36x cheaper. Same score.
Campaign: 2026-05-09-deepseek-v4-flash-agentic-core-v1
Model: DeepSeek-V4-Flash (284B total / 13B activated MoE, DeepSeek direct API, non-thinking mode)
Harness: openclaw@2026.4.22
Runs: 30 (10 tasks × 3 runs each)
Campaign date: 2026-05-13
The usual question before a campaign is: will this model clear the bar? DeepSeek-V4-Flash did more than clear it. It tied the top score. And it did that at $0.04.
That number is not a typo. Four cents. Total. Across all 30 runs.
Claude Sonnet 4.6 ran the same suite last month and scored the same 28/30 at $1.44. The math comes out to $0.051 per passing task for Sonnet; $0.0014 for V4-Flash. That is not a marginal cost difference. That is a different tier of economics, and it lands on the same scoreline.

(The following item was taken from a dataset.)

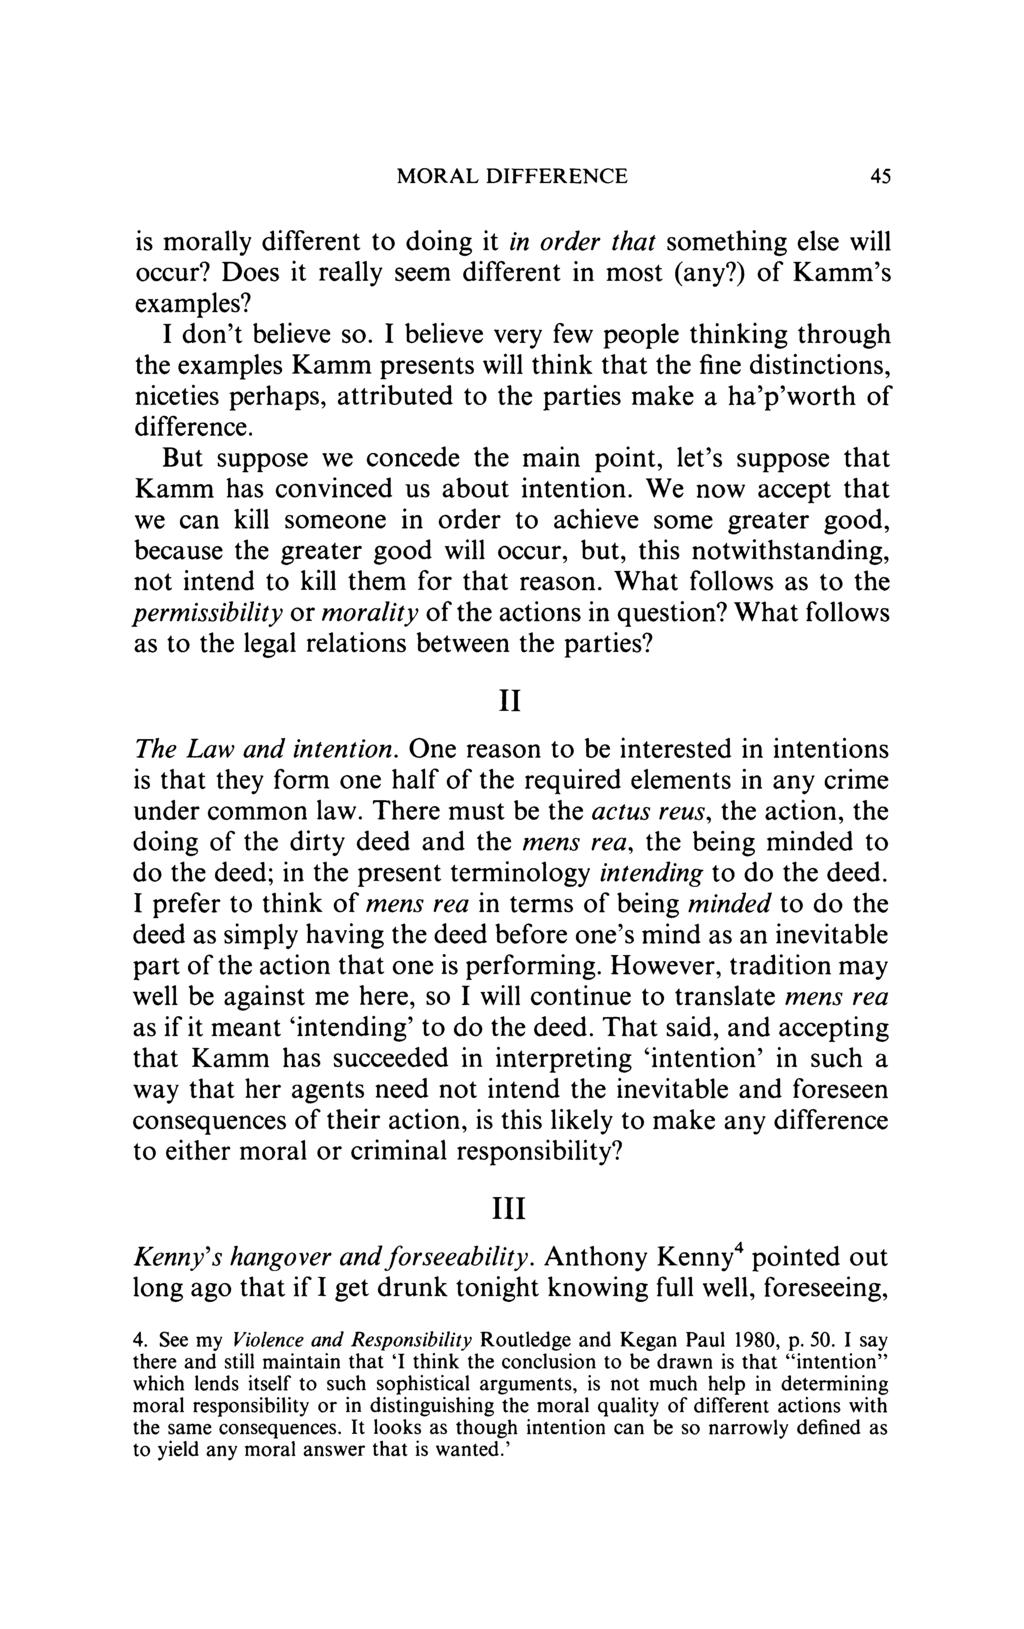 MORAL DIFFERENCE 45 is morally different to doing it in order that something else will occur? Does it really seem different in most (any?) of Kamm's examples? I don't believe so.
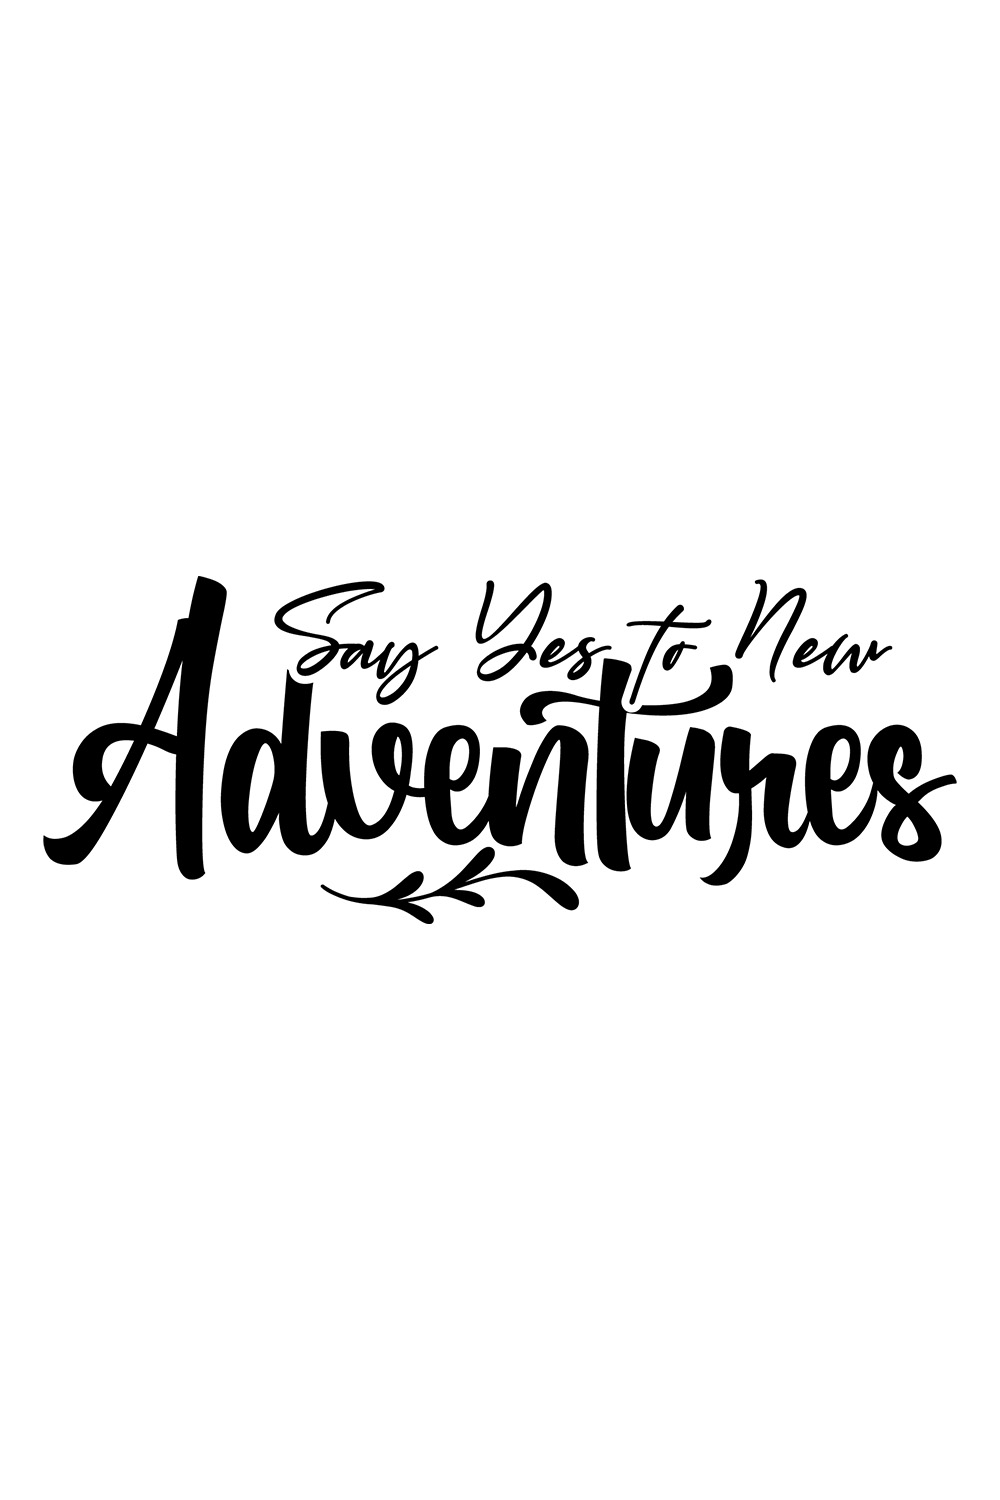 Image with charming black lettering for prints Say Yes To New Adventures.

This was also our first campaign against a non-Bedrock provider. V4-Flash ran via DeepSeek’s direct API through a new adapter. No 429s, no infrastructure failures, all 90 calls completed cleanly. The rate-limit risk that was listed as an open question going in did not materialise.
What agentic-core-v1 tests
[Observed]
agentic-core-v1 has 10 tasks, each run 3 times, for 30 total runs. The tasks are structured, scoped, and have deterministic checkers. They cover: fixing a failing test, refactoring duplicated code, investigating a log file, tracing through a codebase, writing a minimal fix under a line constraint, handling an ambiguous requirement (two-artifact output), multi-step sequential planning, recovering from a tool error with multibyte character byte-counting, knowing when to stop on an underspecified problem, and SQL investigation using native tool calls.
A run passes when the model’s output matches the checker’s acceptance criteria before the 15-turn budget runs out. A run fails as wrong_answer when the checker rejects the output, or as gave_up_mid_plan when the model hits the turn limit without committing a final answer.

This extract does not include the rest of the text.